I know the saccharine sweetness of the book cover above will be too much for some people, but this book should be a special one to Ladybird book collectors and is particularly significant to me. Let me explain why.
1) It is, I believe, the first Ladybird book to be illustrated by Harry Wingfield and Wingfield went on to be Ladybird’s most extensively employed artist of all.
But the amount of work he produced doesn’t really sum up Wingfield’s importance to Ladybird. I think it would be fair to say that for many, Harry Wingfield’s artwork epitomises Ladybird*. If you ask someone of a certain age to picture a Ladybird – Wingfield images such as these may first spring to mind:
Examples of Wingfield’s work
What’s more, Wingfield’s hand can be spotted in a lot of other Ladybird illustrations that he isn’t credited for; from time to time Keen was probably dissatisfied with an aspect of an illustration provided by another artist and quietly-quietly that picture would find its way on to Harry’s easel to be given that Wingfield-Ladybird touch.
2) The publication and success of this particular book is something of a milestone in the Ladybird story because it clearly marks the growing influence of Douglas Keen at Wills & Hepworth (Ladybird).
Harry Wingfield was brought into the Ladybird fold by company rising-star Douglas Keen: his protégé. Keen and Wingfield had met some years previously when Keen was working for Wills & Hepworth as a commercial traveller and Wingfield was working as an illustrator of technical manuals. Although extremely different men in personality and outlook, a friendship was formed which was to last over half a century. Unlike all the other freelance artists employed over the years, once Wingfield – began working for Ladybird, I don’t believe he ever worked for anyone else.
As Douglas Keen increased his grip on the editorial content, Ladybird’s success grew and grew – and Wingfield workload increased. This book marks the start of that arc.
3) This book was the prototype of probably the best-loved Ladybird series ever.

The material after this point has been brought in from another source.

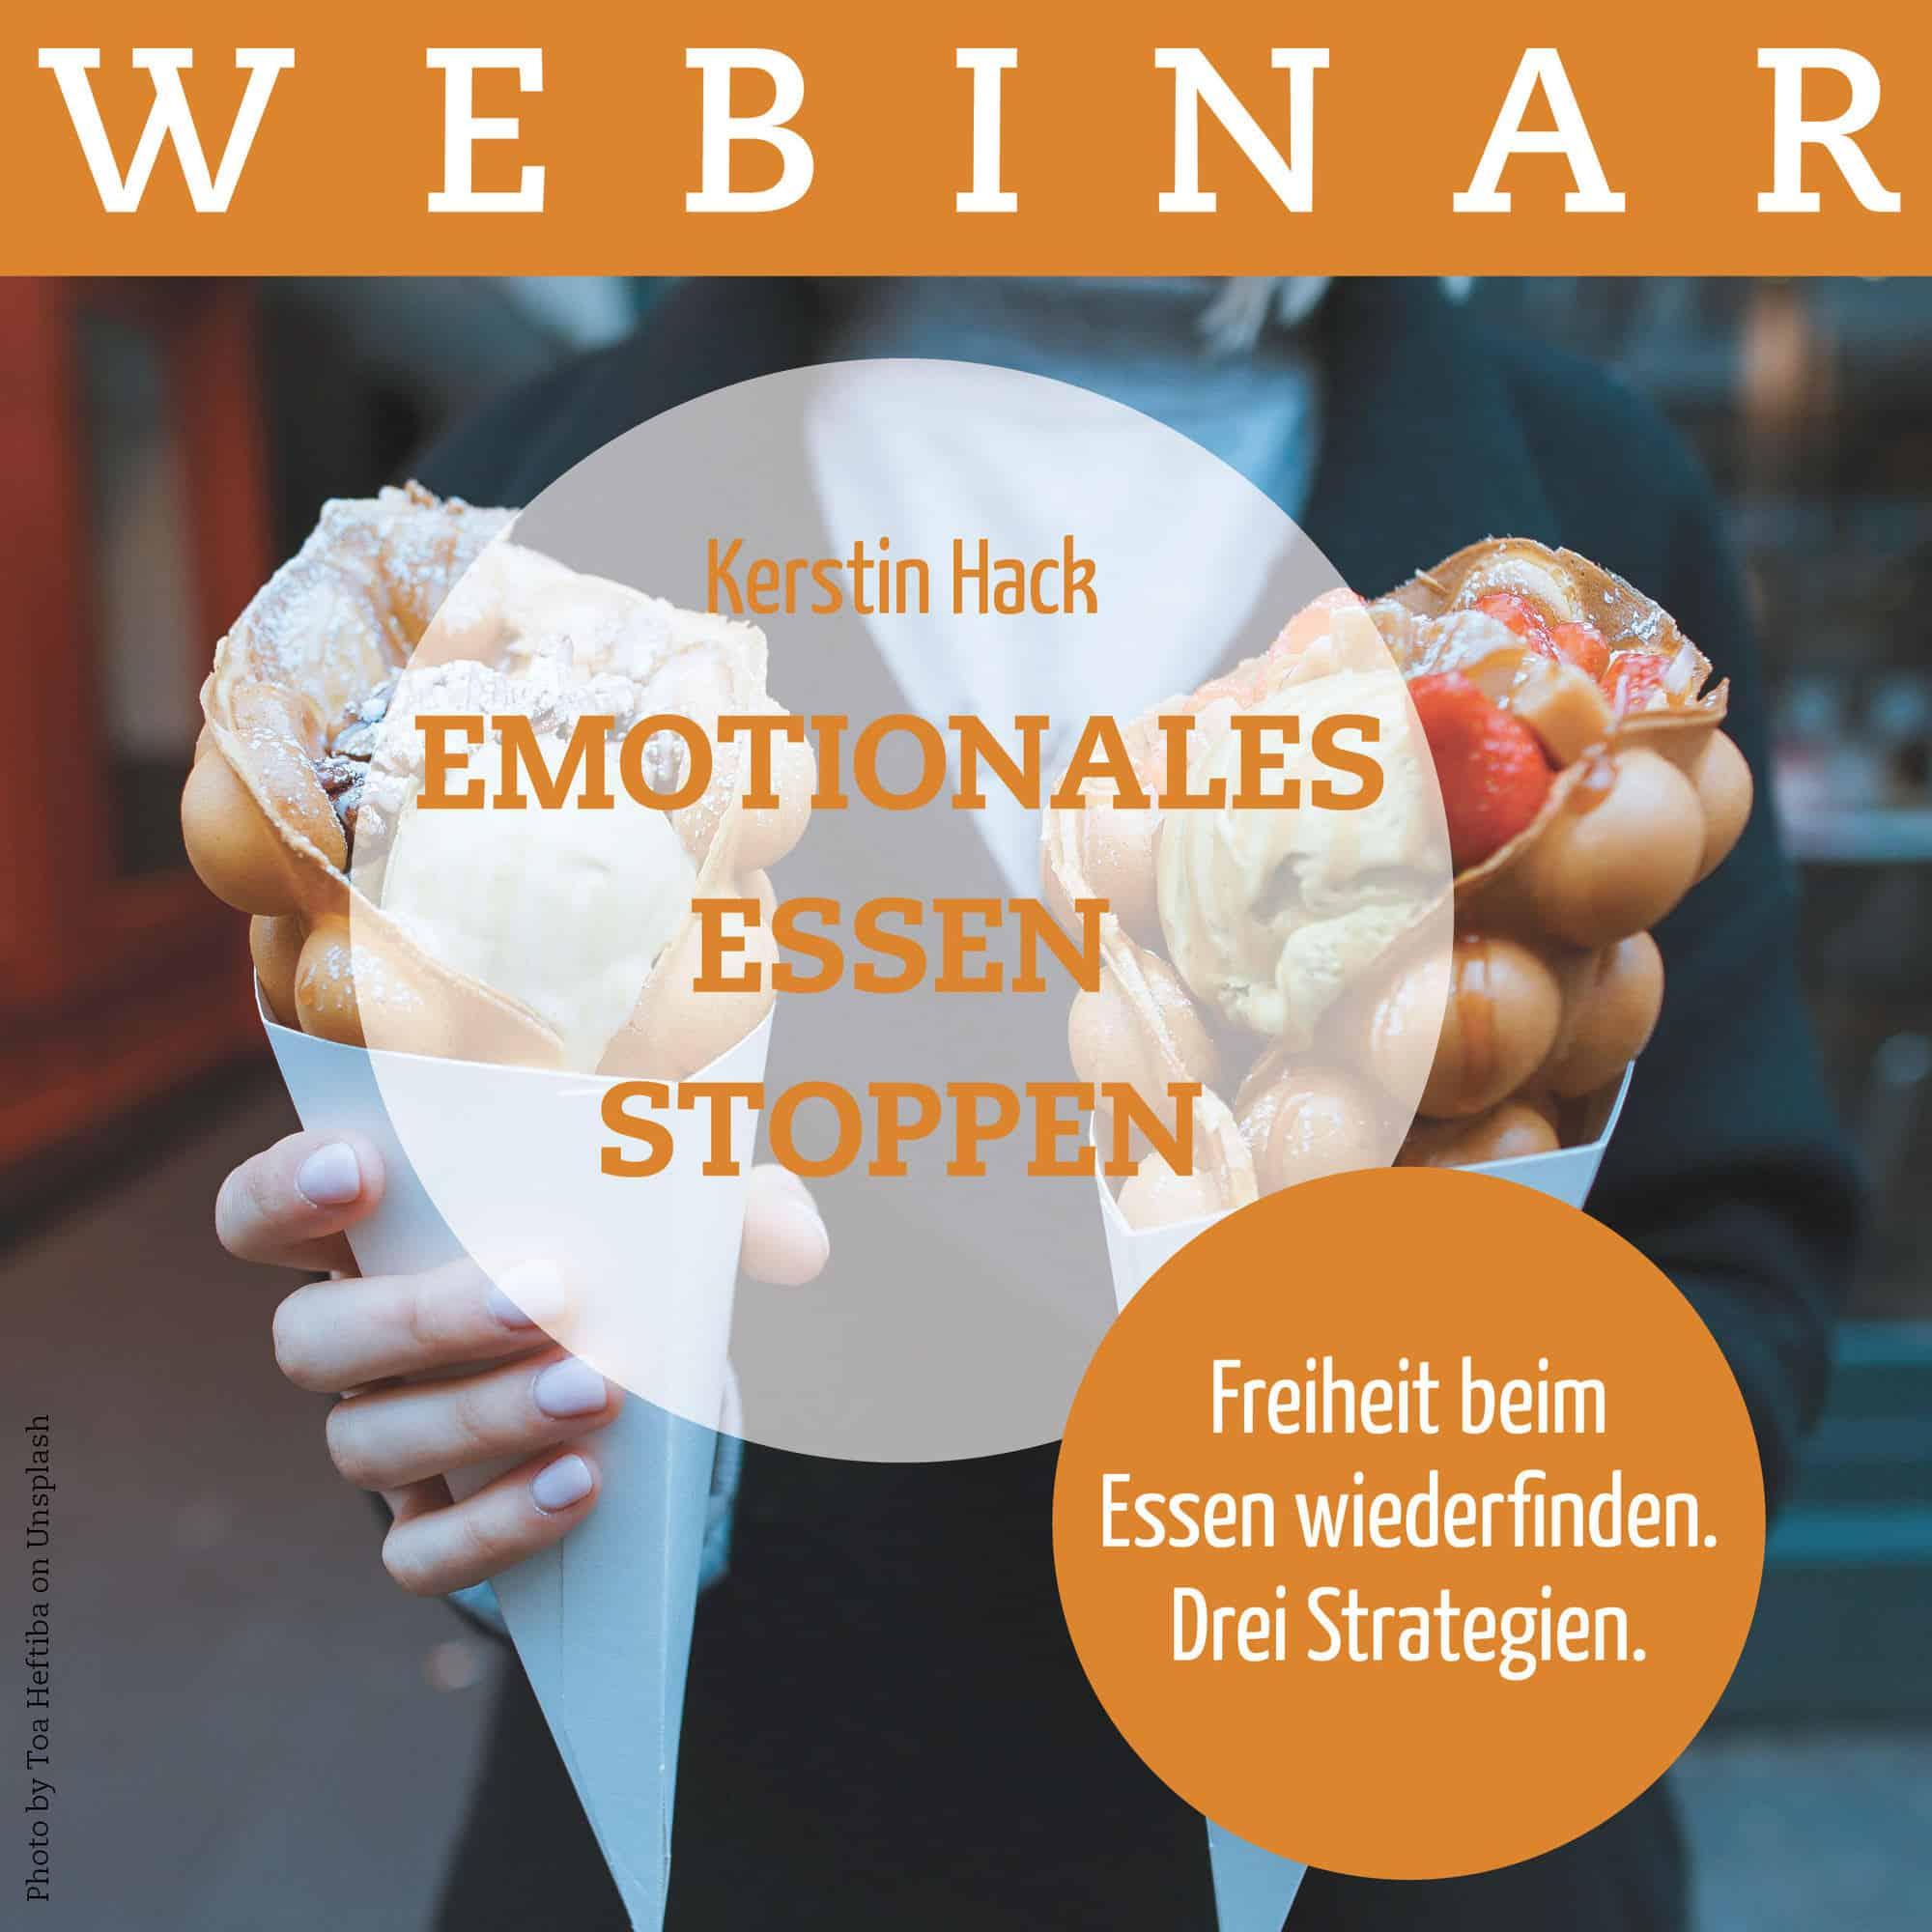 """Willst du wissen, wie man alle sechs Hungergefühle stillt Wie man durch Beobachtung emotionalen Verknüpfungen auf die Spur kommt Wie man bestimmte Lebensmittel emotional """"entzaubert"""""""

Not everyone loves the Well-Loved Tales series of the 1960s and 1970s but, if you read them when you were a young child then the chances are that, even today, you have a very soft spot for them indeed. Douglas Keen (by this point Editorial Director) was himself much more enthusiastic about publishing non-fiction than fiction, but when the decision was made to produce an extensive series of fairy tales and folk tales from around the world, Keen’s thoughts must have gone straight back to this book – Harry’s first work for Ladybird.
Everything about the style and format of the Well-Loved Tales is reminiscent of the Wingfield/Lund** book – except for the fact that the earlier book contained two stories instead of one. However, in 1963, when the WLT series was in production, Harry’s time was completely taken up by the even bigger project of the Peter and Jane Key Word reading scheme. So Keen turned to Eric Winter and Robert Lumley to illustrate the stories – all of which were re-told by educationalist Vera Southgate. It turned out these were inspired choices and these two artists absolutely made this series their own. Who else could have created Puss in Boots or Rumpelstiltskin than Eric Winter? Who else could have given us the Magic Porridge Pot or the Elves and the Shoemaker but Robert Lumley? But the early inspiration is plain to see when you compare Harry’s book with the later Eric Winter version of the same tales.
Eric Winter’s version is on the left Winter’s version left Winter’s version left Winter’s version is on the left Above the later WLT books illus. Eric winter – below the earlier version illus. Harry Wingfield
I wonder how many people over the years have bought the wrong book and been a bit puzzled by the ways it differed from the memory?
Now, on to the next section – the personal significance of this book.
a) Red Riding Hood was the first Ladybird book I every received new as a child. ‘New’ as in ‘not secondhand’ – I was born the 1960s so it had been in print for some years (she explains, hastily). But on my 4th birthday, this book was a gift – it was mine and it was brand new, which was a treat because my parents were teachers and I grew up with a number of well-read old Ladybird books around the house. Maybe that is why it is the only Ladybird book in my extensive collection that has stayed with me since childhood. My name is written in shaky letters on the endpapers and my brother at some point defaced the cover. But it still has the time-travelling power of nostalgia when I hold it.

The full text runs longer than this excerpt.